> _WHAT YOU ARE ASKED TO DO_:
Set down, word for word, the line with "Assembly line process" and the lines after it through the final line of the data below, without pictures.

> _RECORDED DATA_:
-- -- --
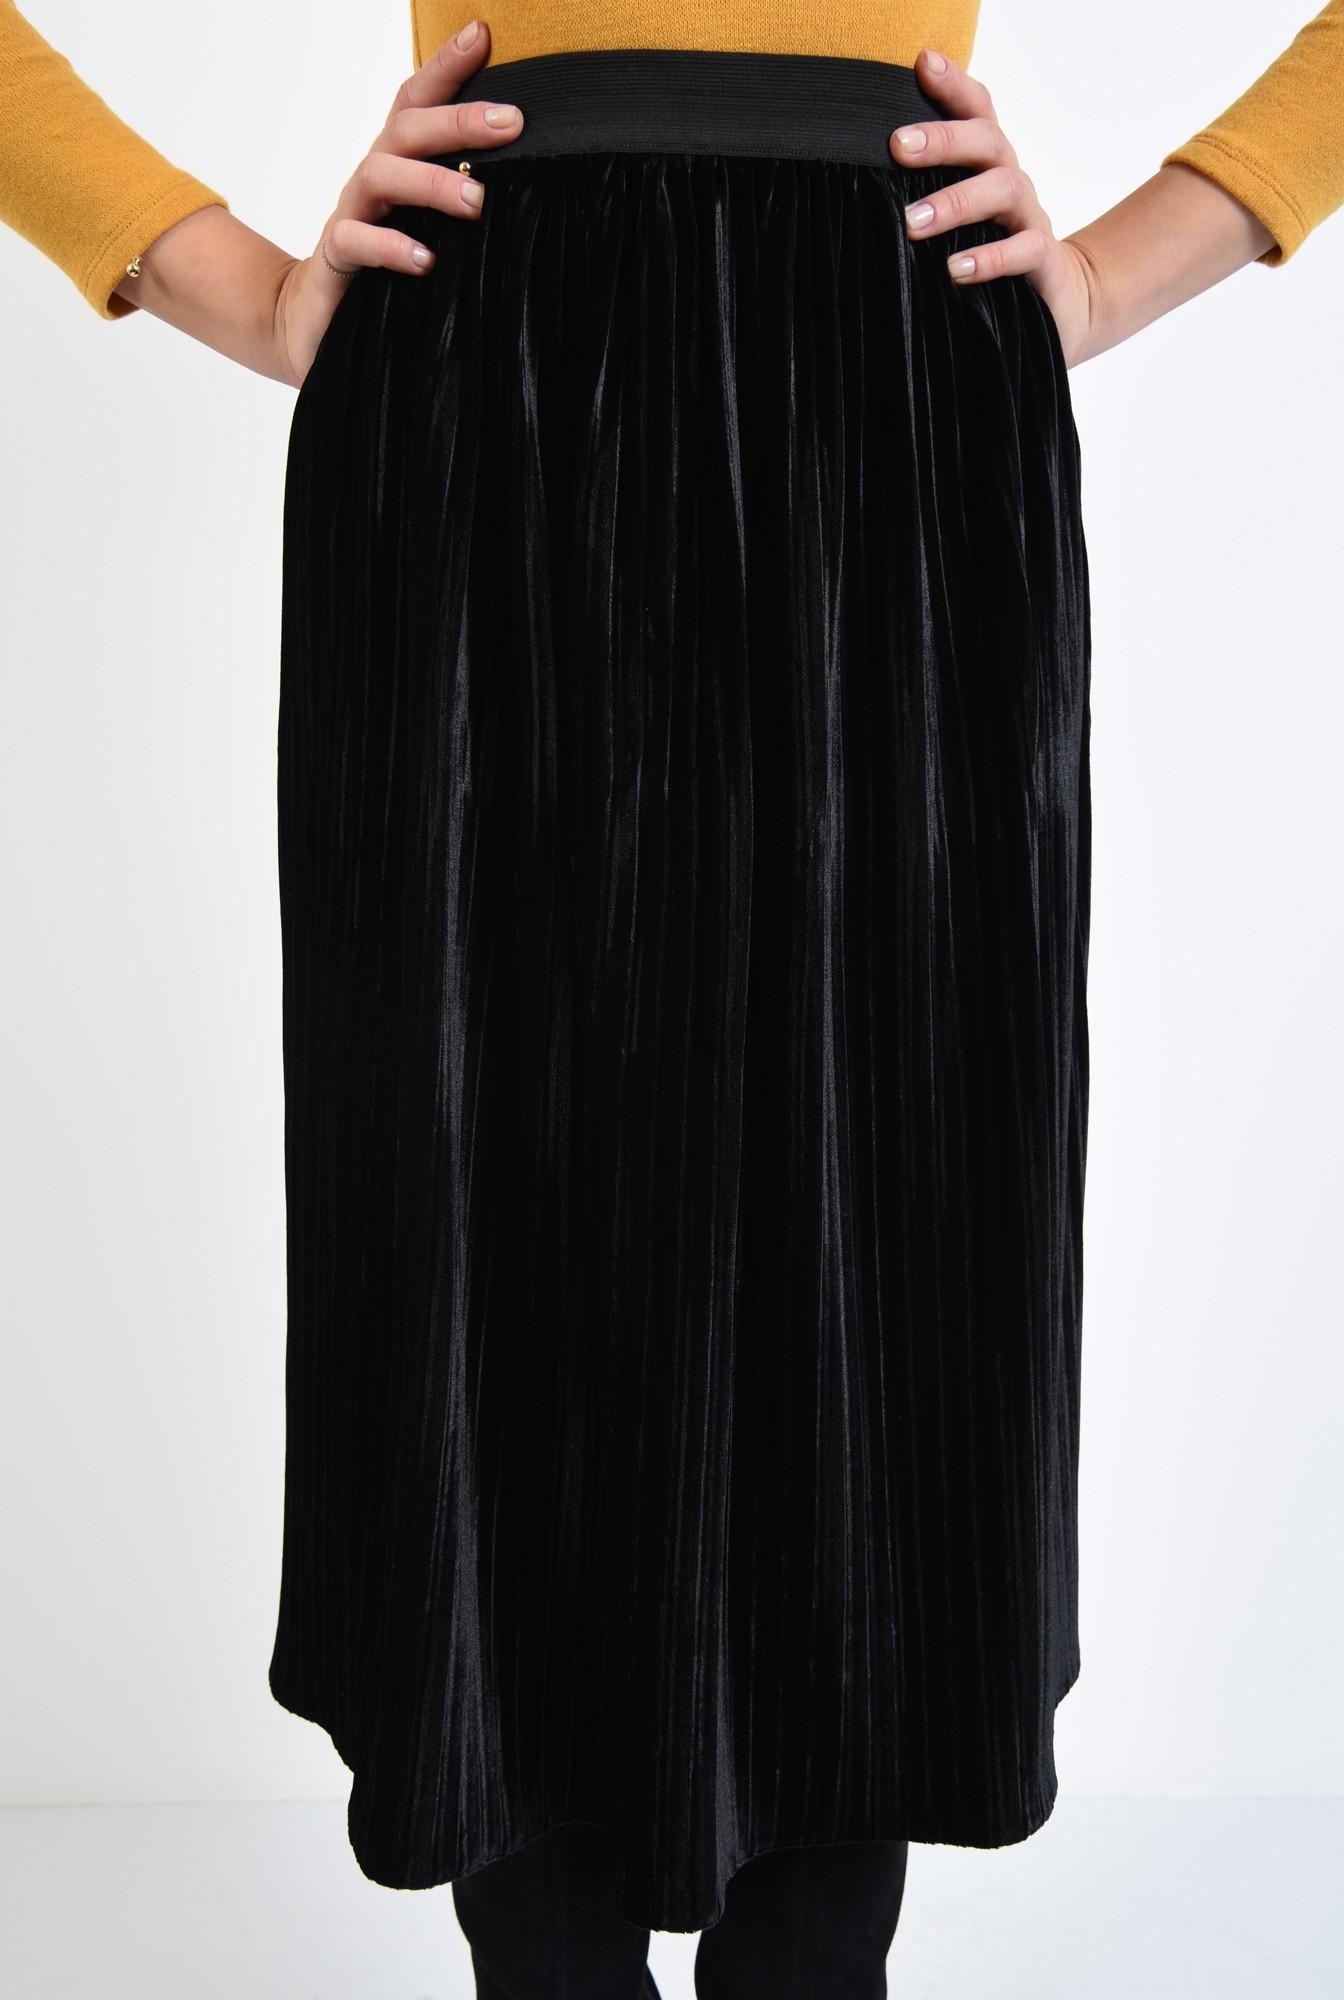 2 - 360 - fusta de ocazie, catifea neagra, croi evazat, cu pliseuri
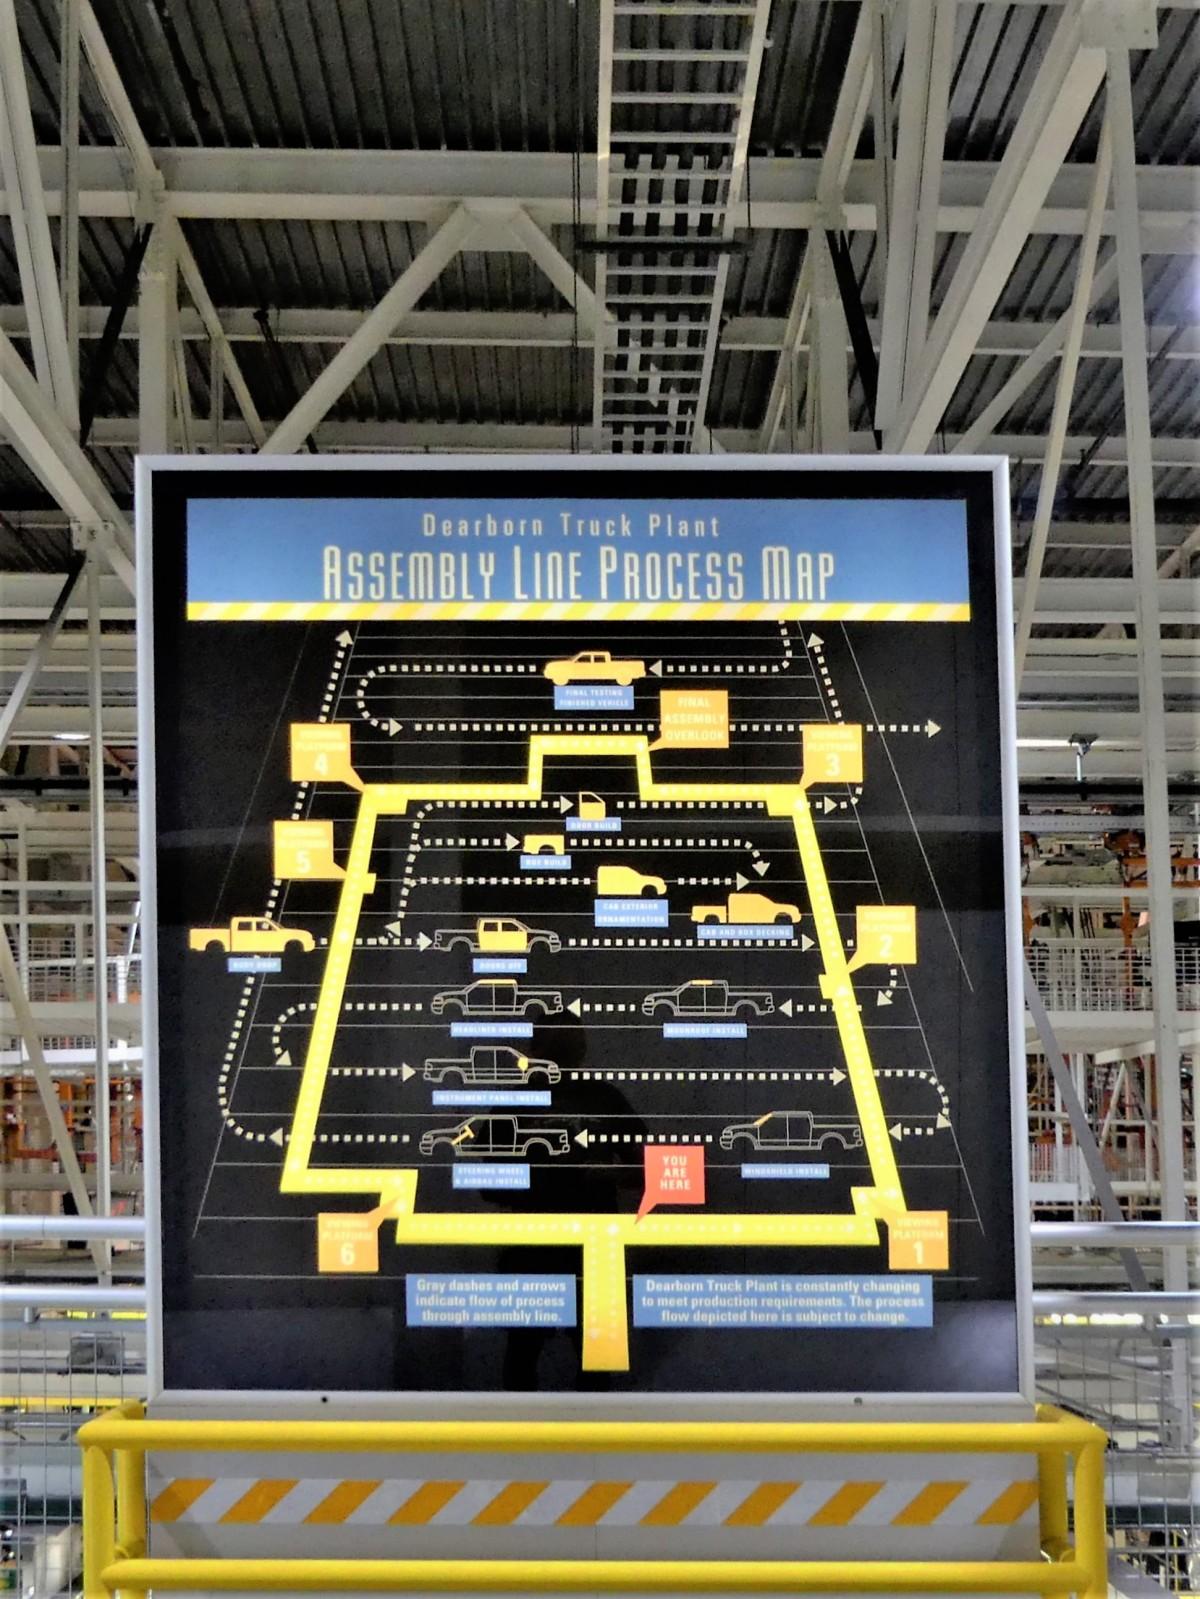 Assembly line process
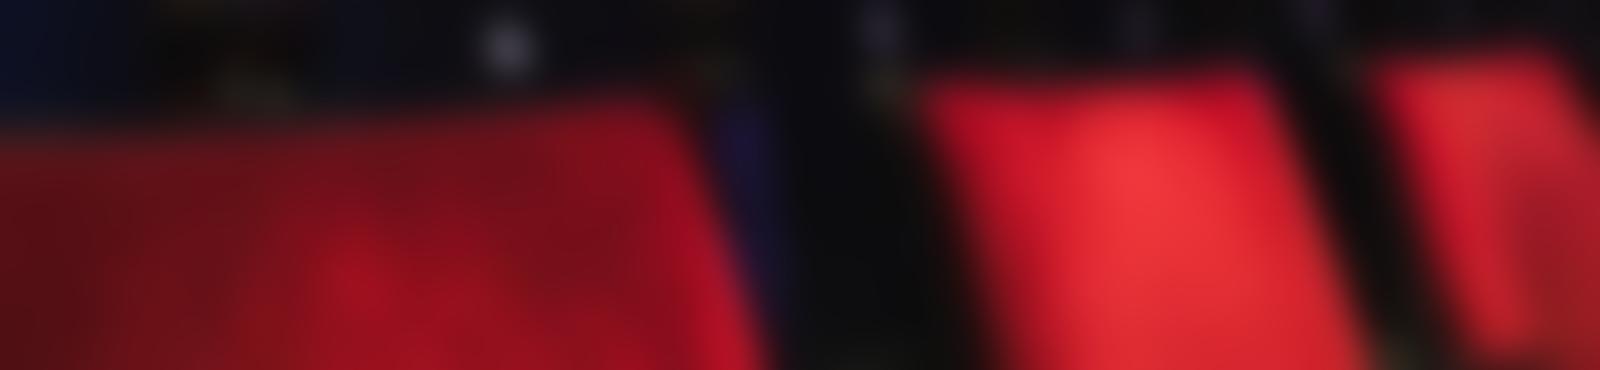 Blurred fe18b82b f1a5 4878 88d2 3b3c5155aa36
-- -- --
> _RESPONSE AREA_:
 Assembly line process
 Blurred fe18b82b f1a5 4878 88d2 3b3c5155aa36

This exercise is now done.